How do you potty train an autistic 4 year old?


My 4 year old has a PDD, possibly Asperger’s syndrome, and is delayed in many areas of development. I am having trouble potty training him. Any advice?

My daughter is not Autistic, but she does have Cerebral Palsy and I held off on potty training b/c she wasn’t physically ready at age 2. By the time she turned 3, we felt she was, so for one week, I let her hang out without anything on her bottom half. I put her potty seat in the family room and literally asked her every 2 or 3 minutes if she had to go. I let her sit on the potty while she drank juice and watched some TV. If your son understands the concept of rewards, I’d suggest using that too. We used the Kandoo Chart (found on pampers.com). It was actually more like a sticker book. Once the entire book was completed (meaning she had gone on the potty, wiped, flushed, washed and dried hands) with all the stickers (approximately 21 times) we took her to Chuck E. Cheese. But really, you can do anything you want. Whatever your son likes to do, make that the reward.

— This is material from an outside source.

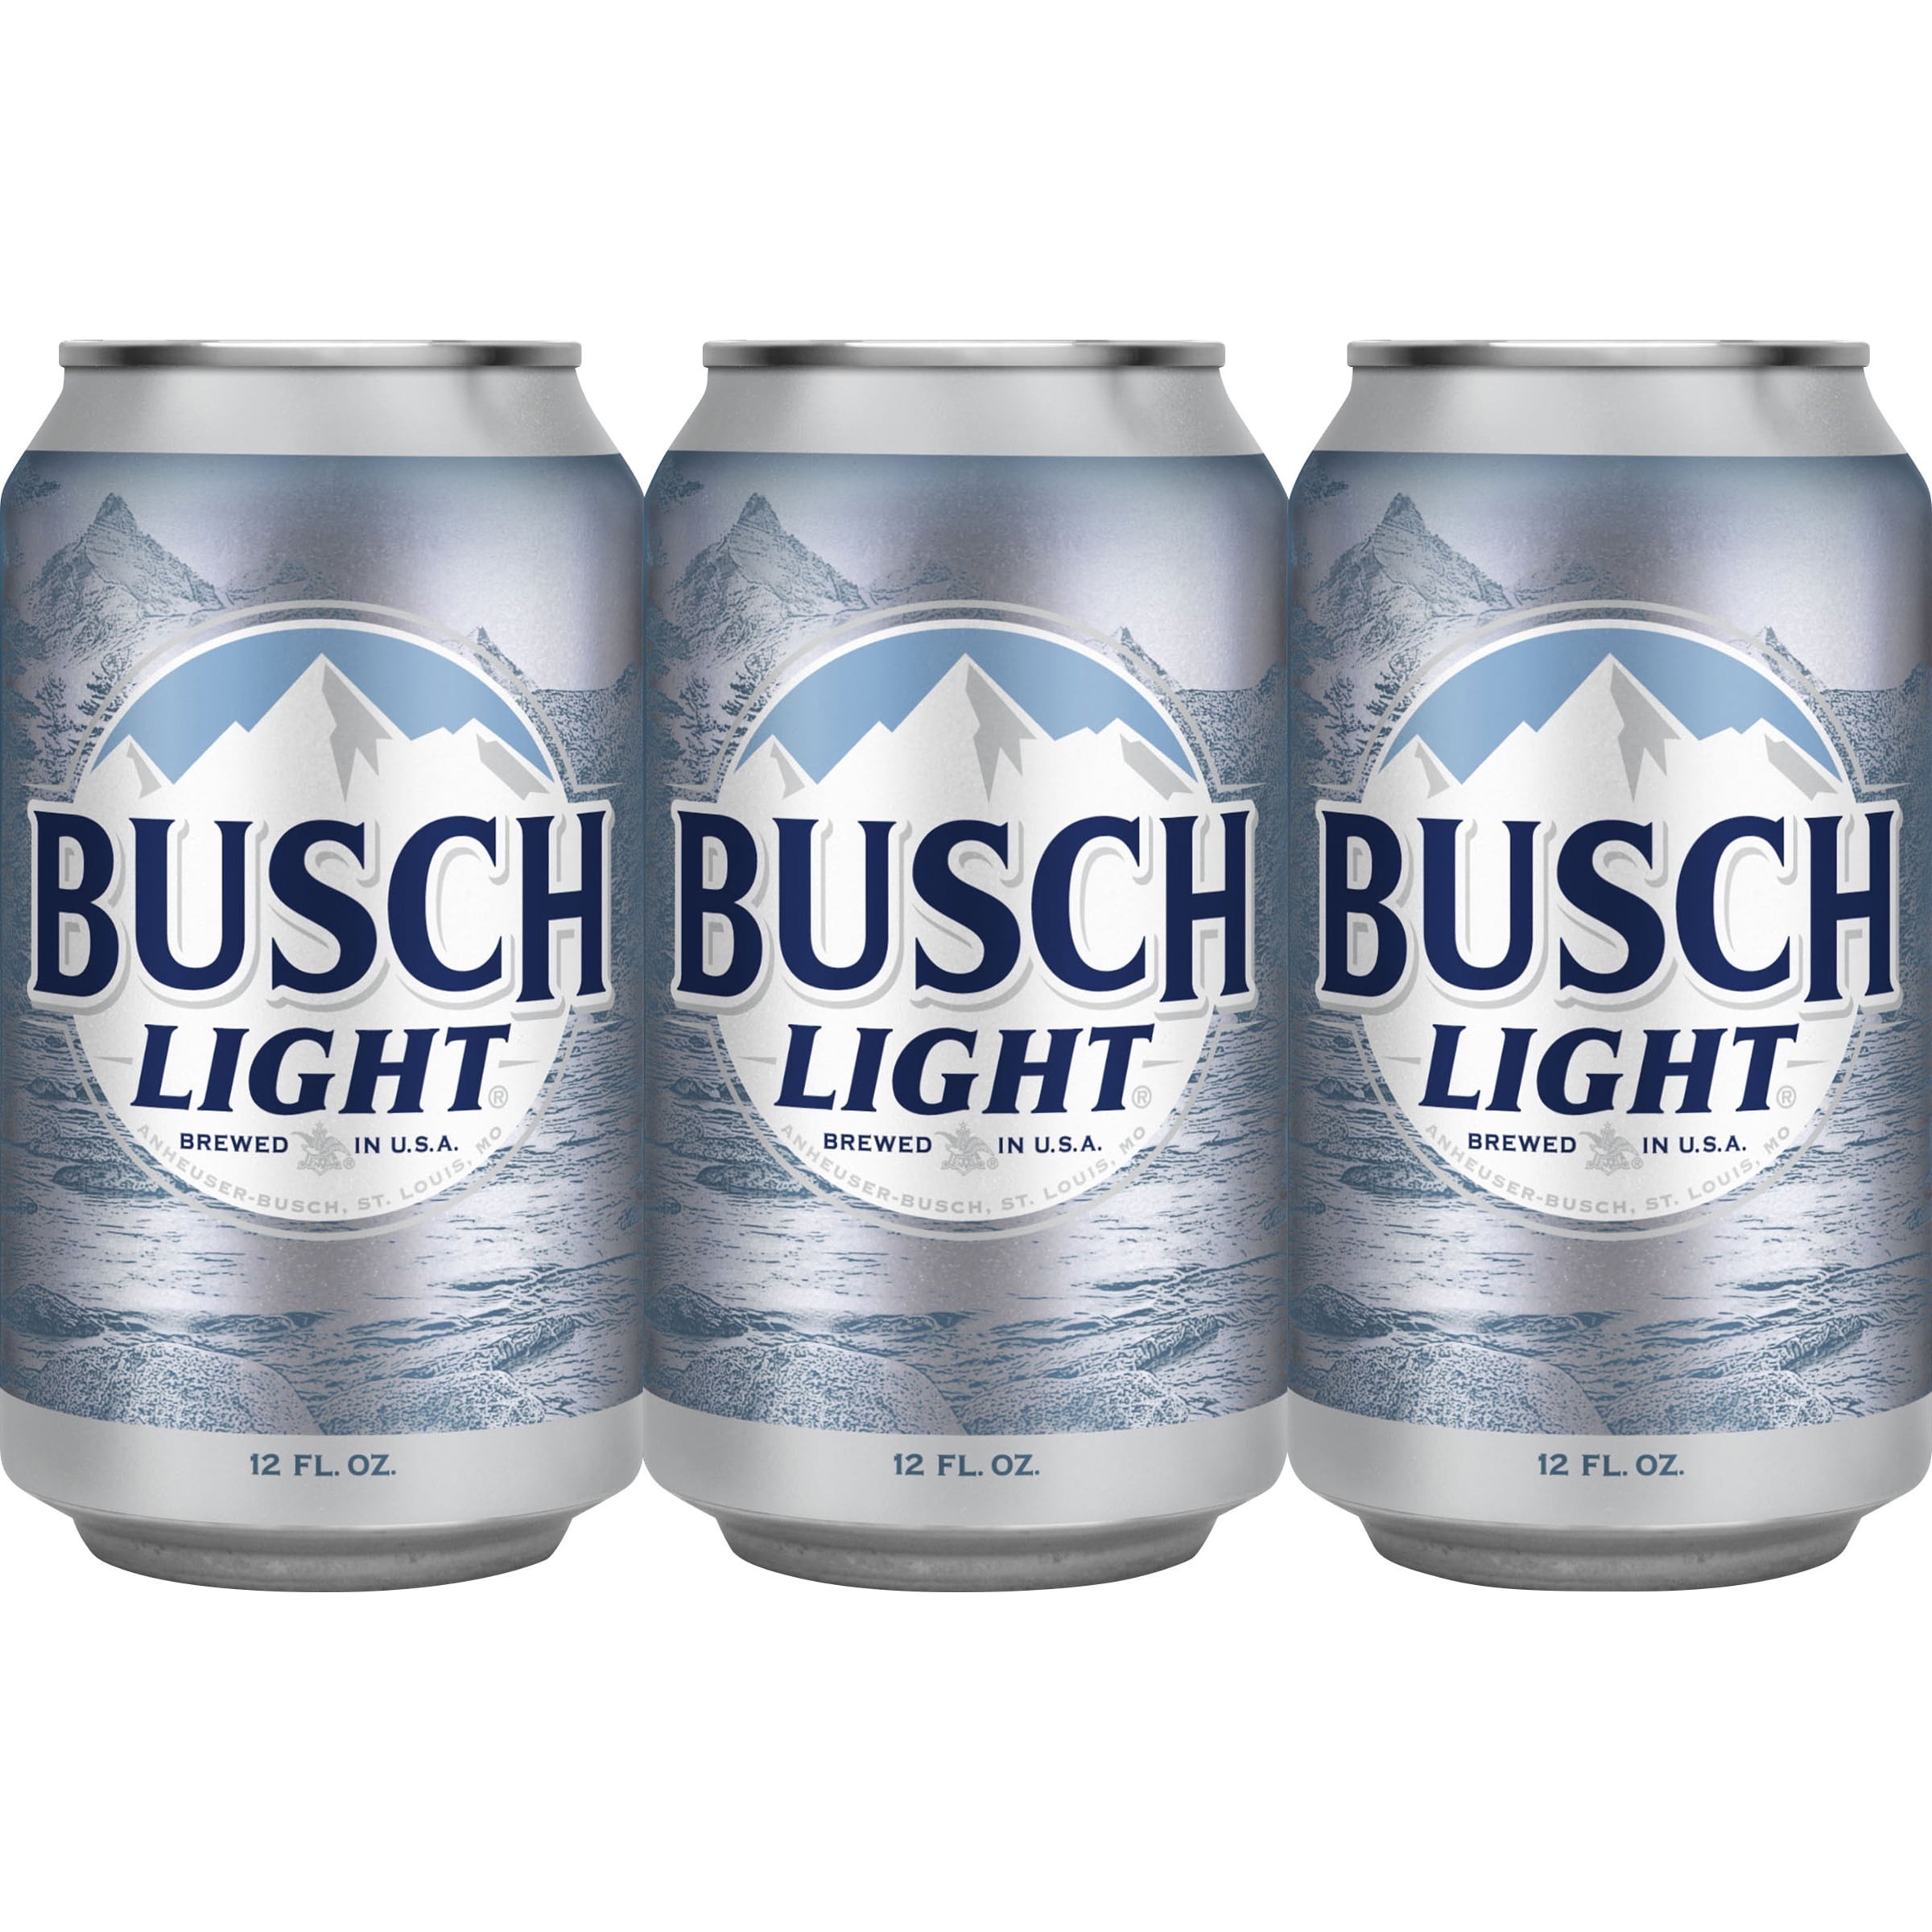 6 pack busch light price busch light beer 6 pack 12 fl oz cans walmart com....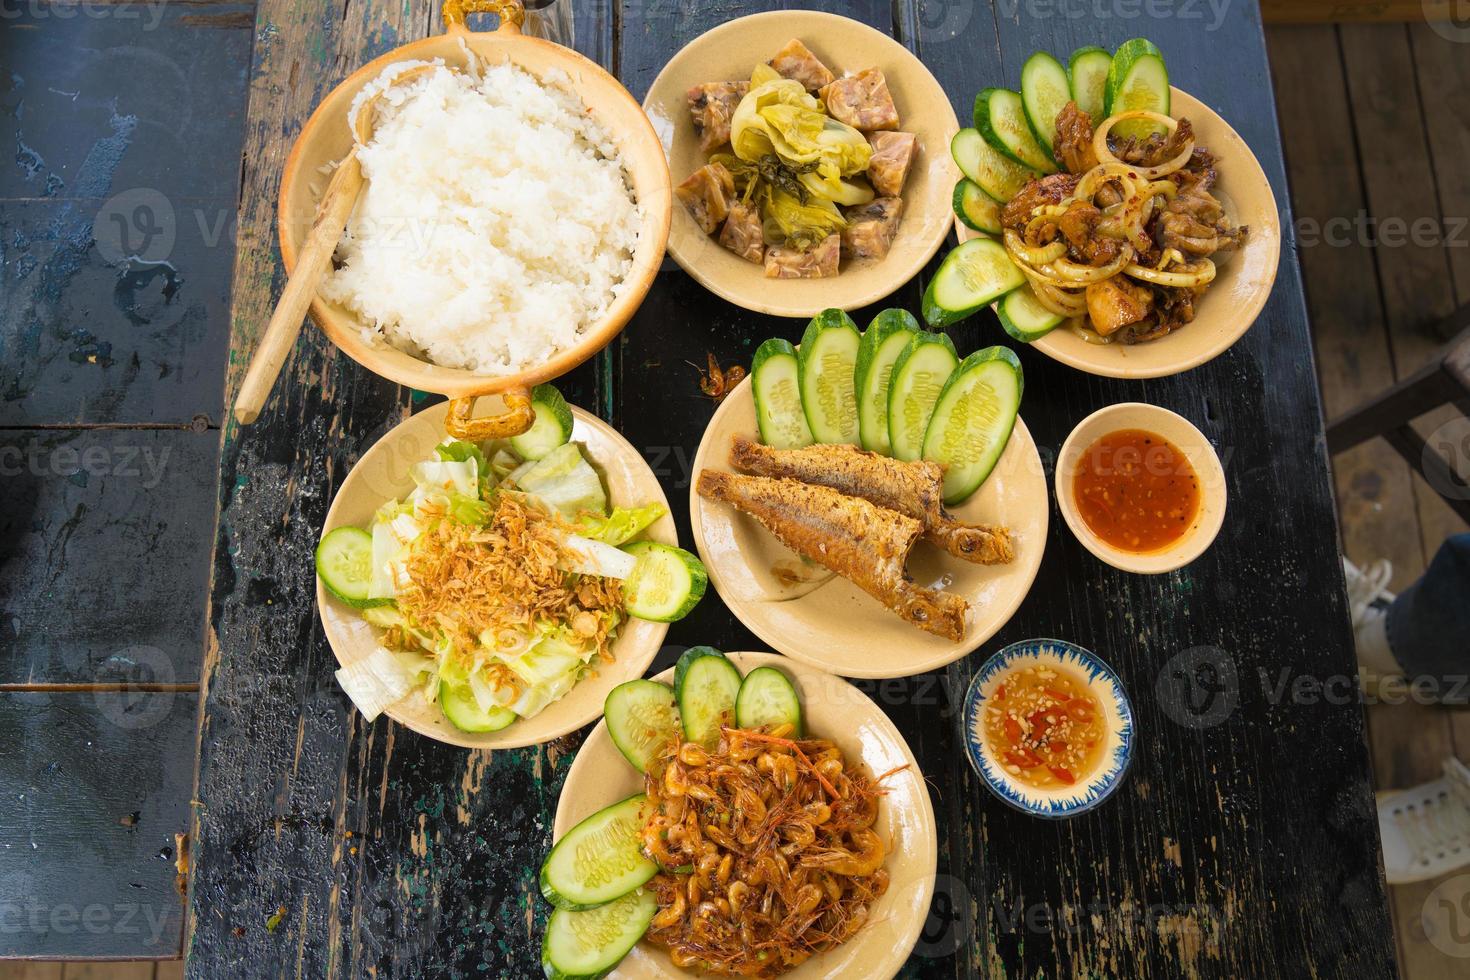 cocina casera de la familia vietnam preparada para cuatro personas arroz cocido, sopa de verduras y pescado frito, cebollas fritas con pollo, rodaja de pepino, comida tradicional vietnamita en el campo. foto

We were very patient and when there were accidents, we told her it was ok to have an accident. No pressure, just wanted to teach her when to go and how to do it. It worked for us. She was completely trained in less than 2 weeks! However, at 4 1/2 years old now, she still isn’t trained at night. That’s b/c of safety issues. We don’t want her up at night trying to climb on the toilet by herself (she’s not well balanced to begin with) half asleep, without having her braces (for walking) on or her glasses. She still wears pull-ups. We tried earlier this summer to get her to wake us up when she has to go, but it just wasn’t happening. If it’s not going well, I think it’s best to hold off for a while. If a child isn’t ready, they aren’t ready. GOOD LUCK! If you’re looking for support, please join us at www.specialparent.org It’s an online group for parents of children with disabilities and special needs.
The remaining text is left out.